The journalist linked to the state apparatus through an enjoinder to defend national sovereignty and institutions is also found in Mexico where the journalistic function is defined as "a service to the democratic effort of society and a contribution to safeguarding the fundamental principles of one's own State."

The Costa Ricans similarly demand that the journalist "struggle for national sovereignty and the progress of the country." In Honduras the press law issued by the government puts journalists under obligation to defend sovereignty, territorial integrity and the institutions.

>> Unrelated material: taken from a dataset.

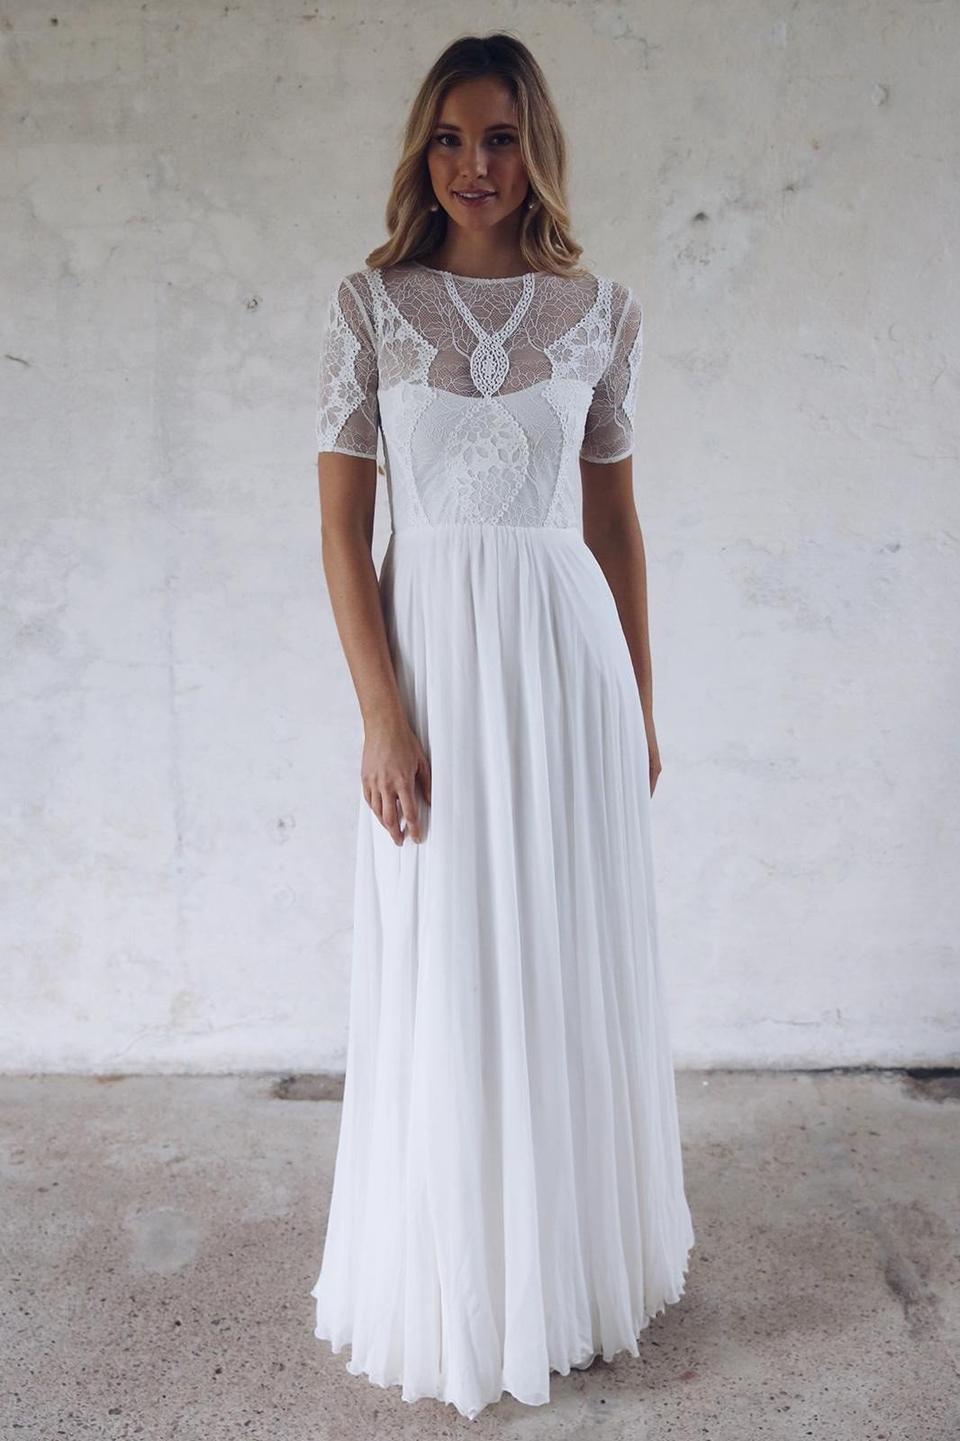 17 Beautiful VintageInspired Wedding Dresses hitched.co.uk hitched

In Ecuador, too, journalists are enjoined to guard sovereignty and territorial integrity, but also to demand from the state a national communication policy that prevents an information monopoly and assures the defense of workers' rights.

The Felap opens a wider panorama of social responsibility by demanding that journalists "serve the collective interest, (...) for the strengthening of peace, (...) contributing to the defense of nature and defending national values."

Journalists of the Caribbean impose the ethical duty "to demonstrate lively interest in training and investigating to be able to perform the profession in a competent way and to serve the Caribbean people."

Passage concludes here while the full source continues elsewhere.